But competing for subcontracts can be messy and confusing, even for big
corporations with decades of experience in the U.S. Between mid-April and
late May, Bechtel officials say, they received about 87,000 inquiries
from companies eager to get into Iraq. When the company held a
subcontractor conference in Kuwait City in late May, "about half of Dubai
showed up," says Horst Hoeller, the managing director of 3M's Gulf
operations, who attended the conference.

Companies such as 3M hope middlemen can help them cut through the chaos.
At war's end, the Minneapolis-based industrial giant, which has an office
in Dubai, wanted to open another in Baghdad. The plan: to solicit business --
offering everything from construction materials to office products -- directly
from big contractors and to a lesser extent the military. But the company
quickly decided the Iraqi capital was too dangerous.
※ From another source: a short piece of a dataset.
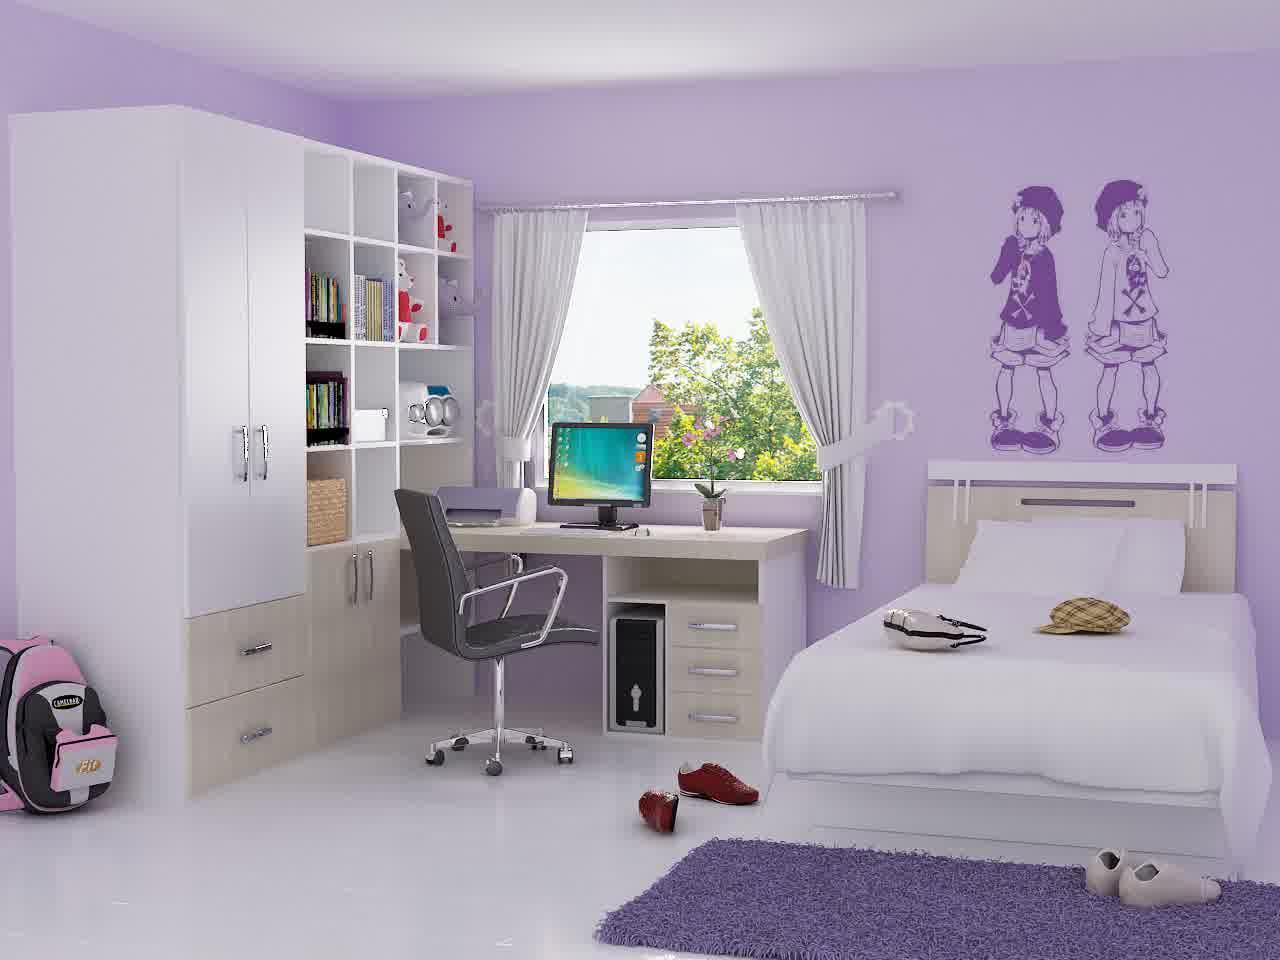 Desain Interior Kamar Tidur Anak
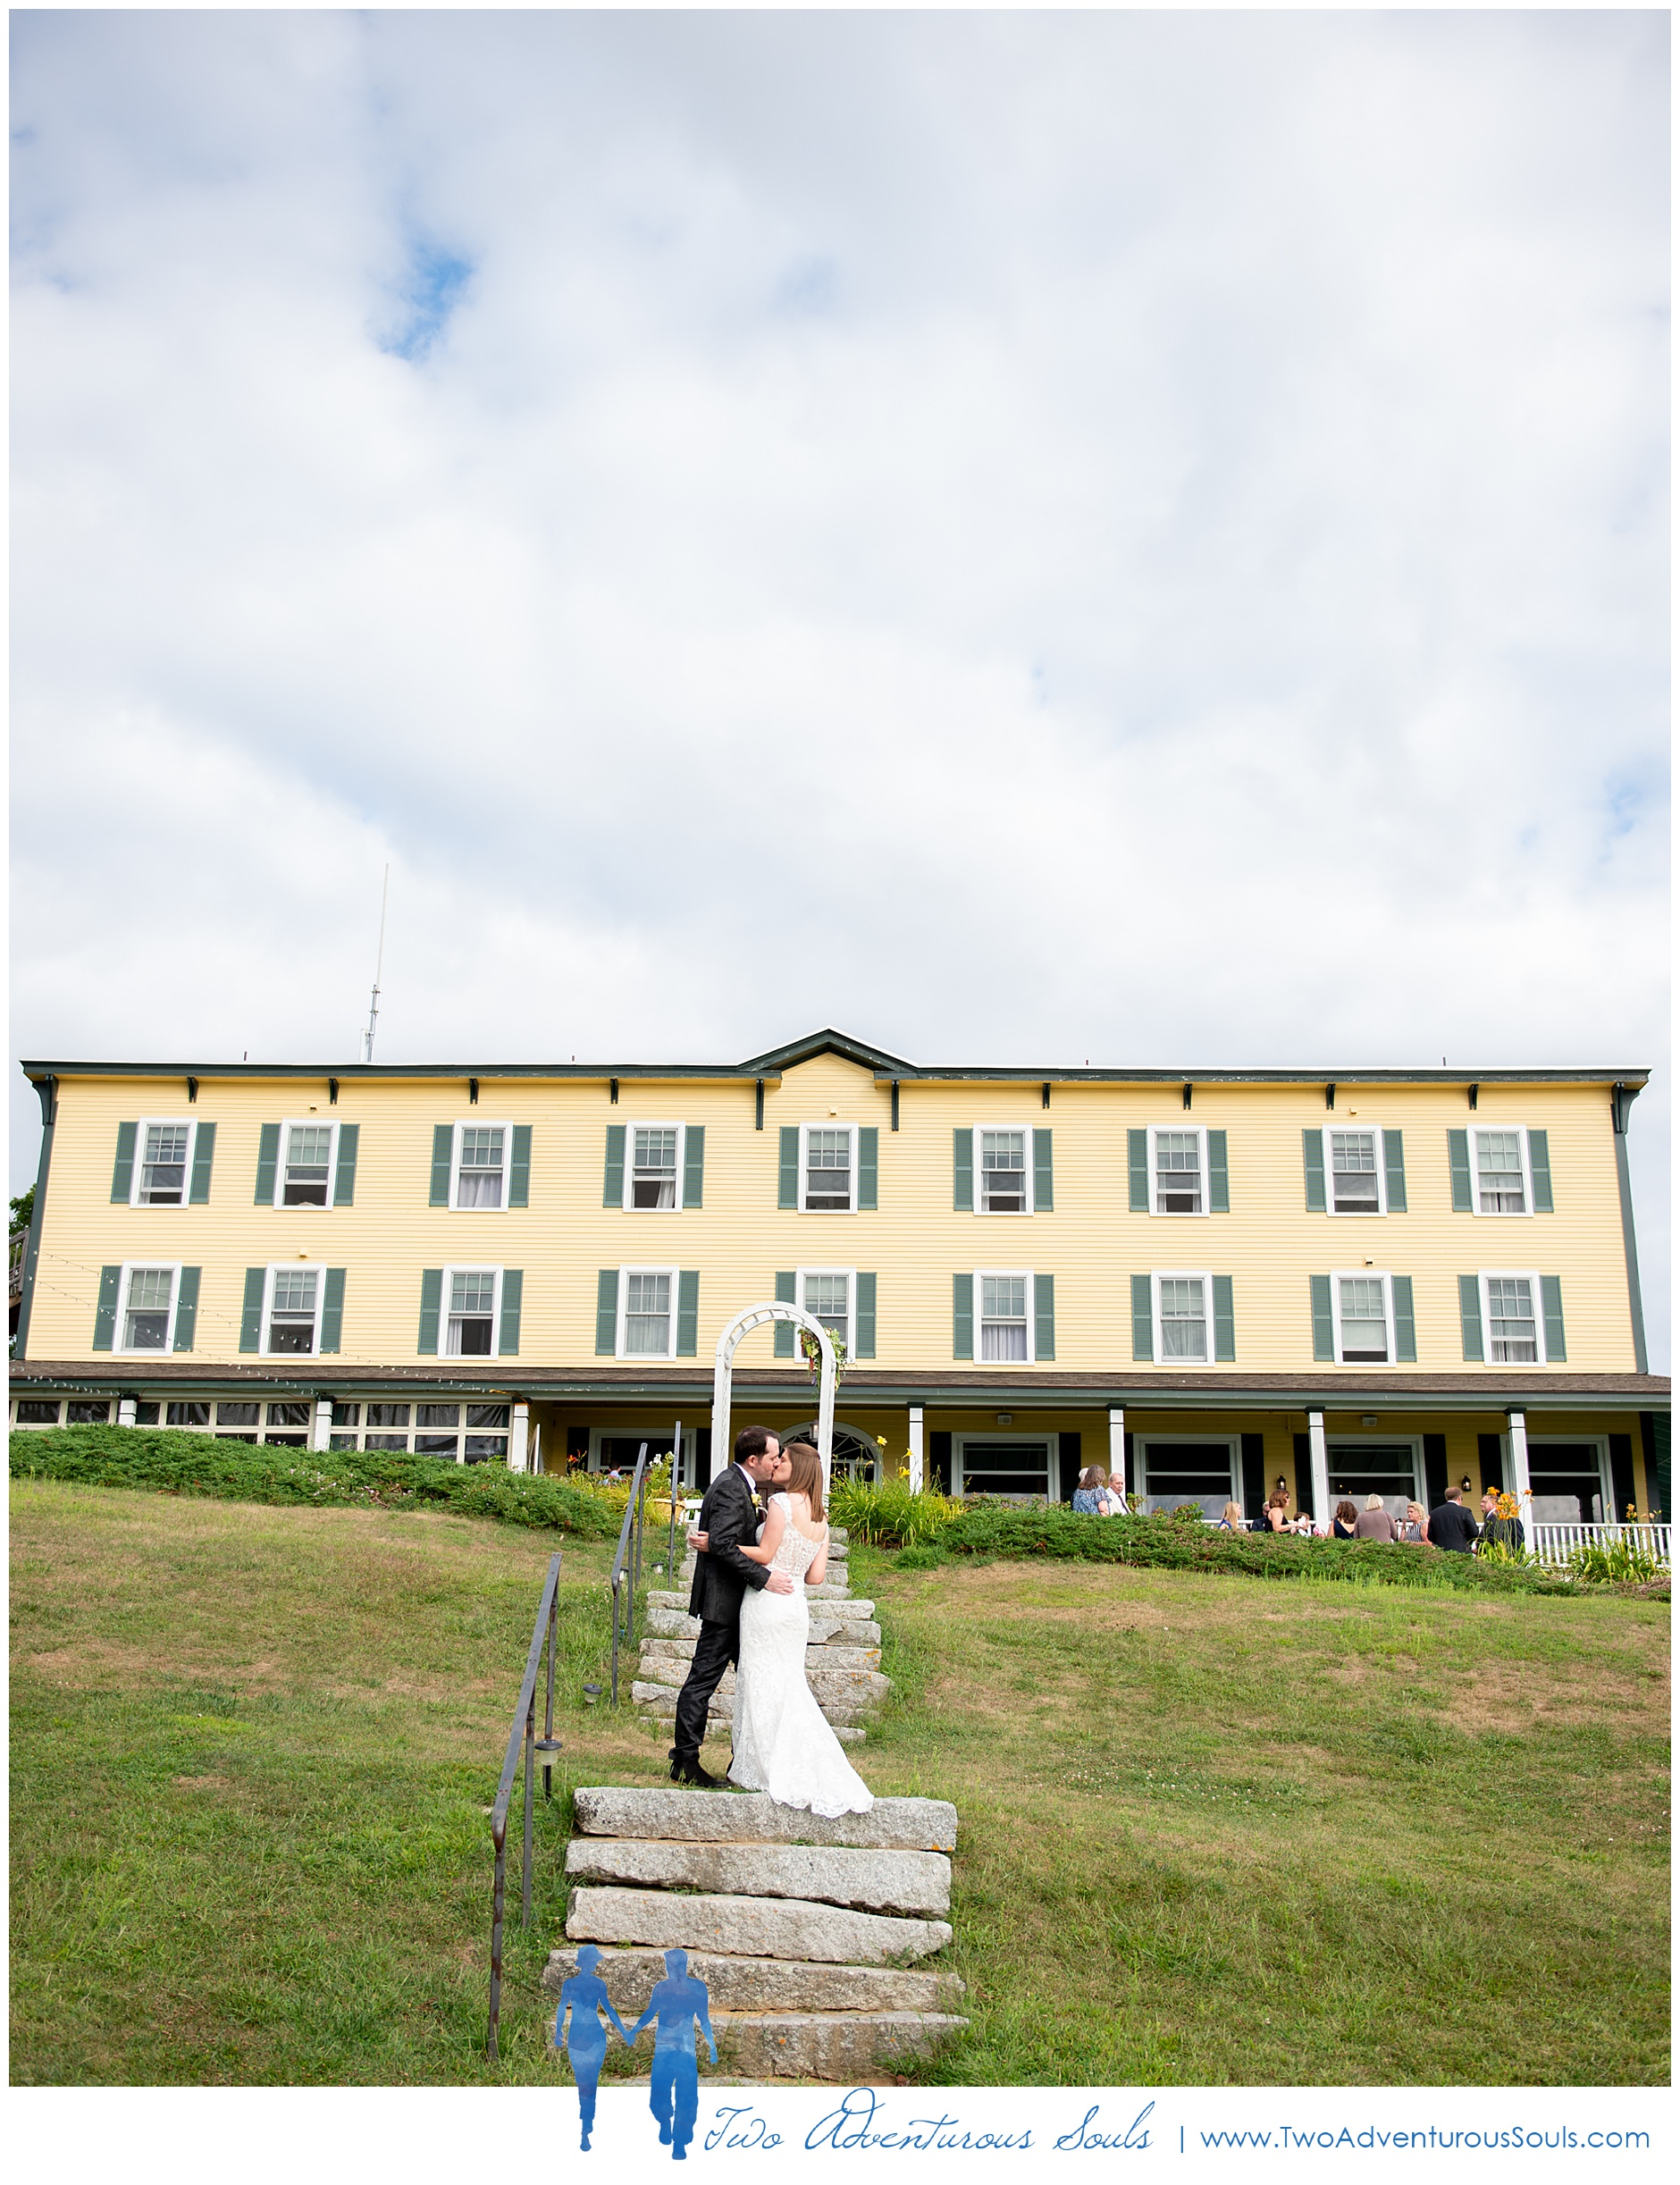 Chebeague Island Inn Wedding Photograpehrs, Maine Wedding Photographers, Two Adventurous Souls-082419_0007.jpg

Instead, it decided to hunt for subcontracts at the Bechtel conference.
Executives needed someone savvy who could guide them through the process
and get them close to important military and corporate officials. So they
tapped Mr. McClelland, who attended church with Dr. Hoeller's assistant.

Mr. McClelland supplied the company with the names of 15 senior military
contracting officers in Kuwait, the U.A.E., Oman and Qatar. Mr. McClelland
also gave 3M a list of names of local executives from companies such as Bechtel;
Kellogg, Brown & Root and military-supply firm DynCorp, many of whom are
former officers Mr. McClelland served with in the Gulf. Soon after Dr. Hoeller
arrived in Kuwait for the Bechtel conference, he met a senior military officer,
one of Mr. McClelland's contacts, who complained about a lack of Post-It
notes in Iraq. Within days, the military had put in an order for Post-Its,
electrical tape and multimedia projectors.

Dr. Hoeller estimates Iraq could soon generate as much business for 3M as
Saudi Arabia, his largest Middle East market, although he declines to be more
specific. The St. Paul, Minn., company, he says, "is going to make good money in Iraq."

Middlemen also are crucial to the cottage industry of consulting firms that have
sprung up in Washington and the Middle East to guide companies through the
Iraq contracting maze. In late May, Joe Allbaugh, the national campaign manager
for President Bush in 2000, and Ed Rogers, a senior official in the Reagan and
first Bush White Houses, put together one such firm, New Bridge Strategies LLC.

"We can take people to the Pentagon" and the Agency for International
Development, Mr. Rogers says. "But to do it right, you need people who
know the Middle East and people who are there all the time." One of the
firm's first moves was to team up with Leigh Gribble, a retired Naval
officer whose last post was at the U.S. embassy in Kuwait City, where he
advised the Kuwaiti navy on weapons purchases.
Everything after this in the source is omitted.